Soil testing is not always necessary,” Michelle said. “If you have several hours of direct sun and your garden is growing beautifully, then you may not need to test your soil. If you have sun but your garden is not doing so well, or if you have brand new soil, it might be worth testing the soil.

“One of our Garden Mentor families in 2015 grew beautiful but tiny plants that were struggling to get bigger, she added. “A simple soil test showed that their soil was low in nitrogen and needed a little acid. Once we added coffee grounds (for acid) and blood meal (for nitrogen), the plants grew substantially. Had we realized that our starting soil was so basic (not acidic enough) and nutrient poor, we could have made adjustments before the growing season and had a much more productive garden.”
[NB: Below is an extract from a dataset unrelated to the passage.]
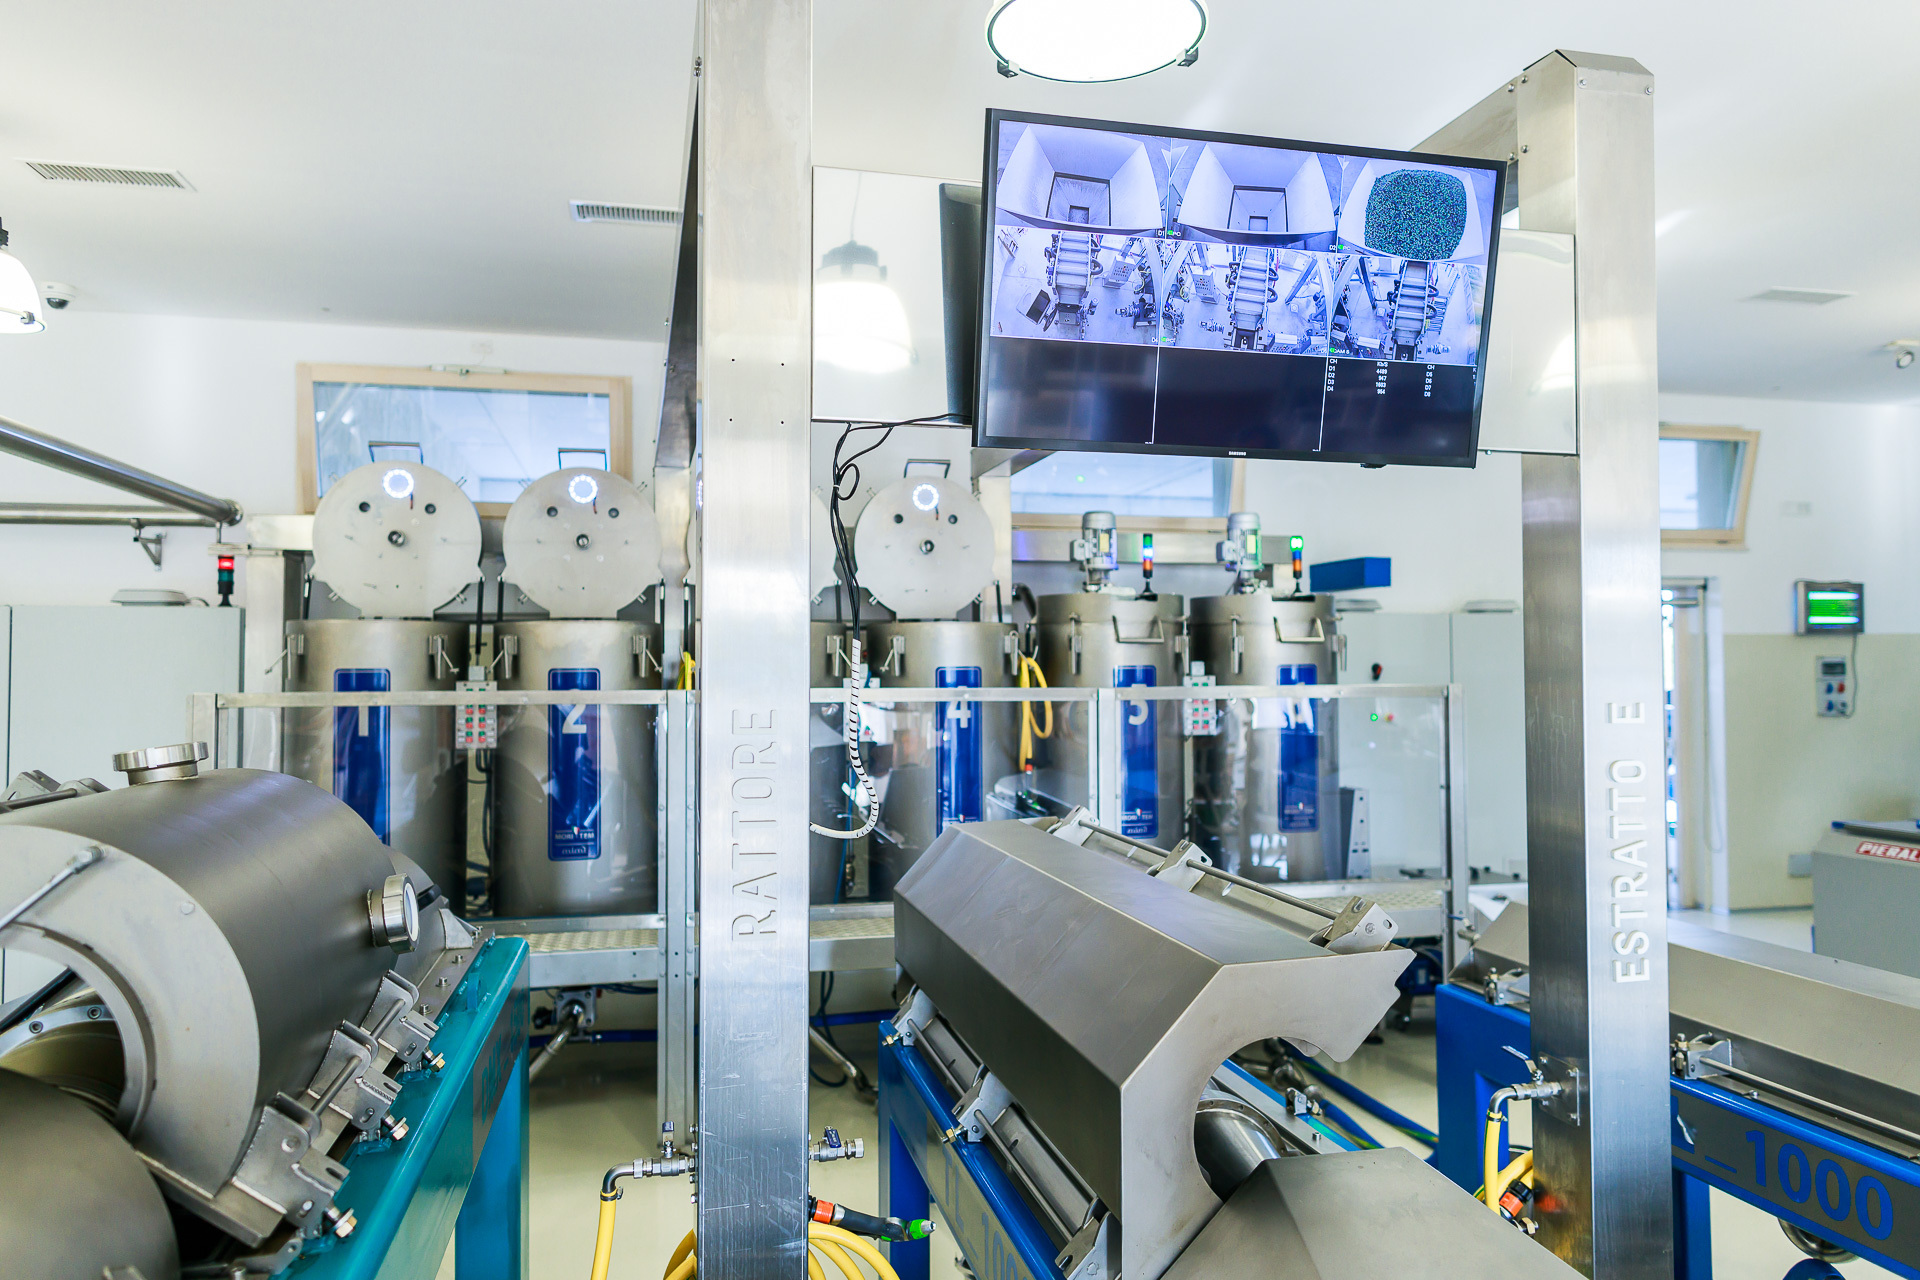 衛生管理が徹底されたイタリア製の搾油機でオイルを抽出します。最新の搾油技術と厳格に温度と時間を管理する事で高品質のエクストラバージンオリーヴオイルを生産する事が可能となります。
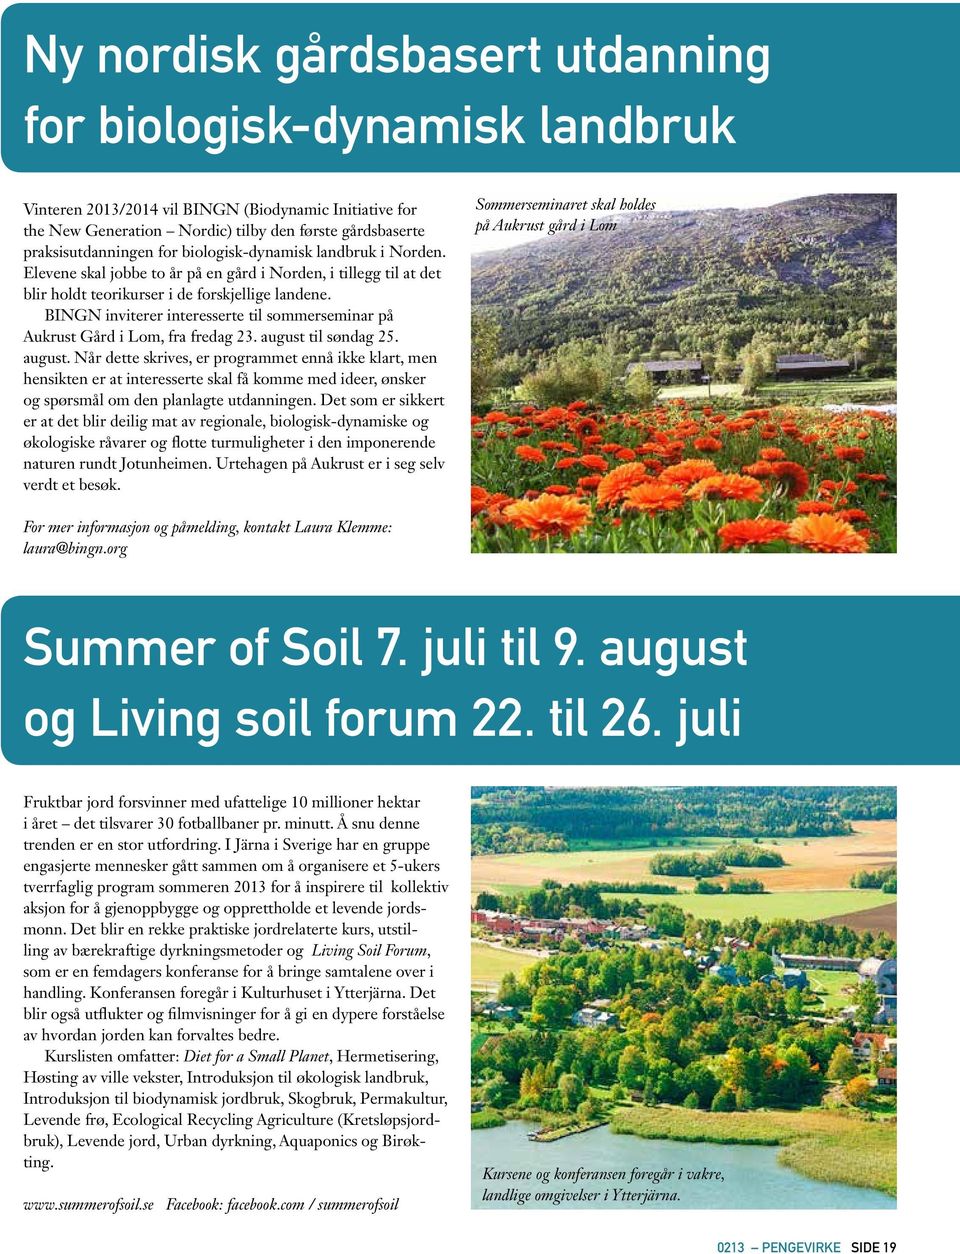 BINGN inviterer interesserte til sommerseminar på Aukrust Gård i Lom, fra fredag 23. august

In Southeast Alaska, our rain tends to wash a lot of the nutrients out of the soil. This is why it’s almost a requirement for gardeners to amend their soil with seaweed, compost, coffee grounds and other items to replenish the missing nutrients. It also helps to rotate your crops from one garden plot to the next, since different plants draw different nutrients as they grow (for example, potatoes use a lot of nitrogen while tomatoes use a lot of potassium).

To learn more about soil-testing, watch the video at the top of this story and read the three attached files below. The attached files and video will show you how to take a soil sample and how to send it to a lab for testing.

• Soil and Fertilizer Management for Healthy Gardens (UAF Cooperative Extension Service publication, HGA-0338)

• Factors to Consider in Selecting a Soil-Testing Laboratory (UAF Cooperative Extension Service publication, FGV-00045)

• Soil Sampling (UAF Cooperative Extension Service publication, FGV-00044)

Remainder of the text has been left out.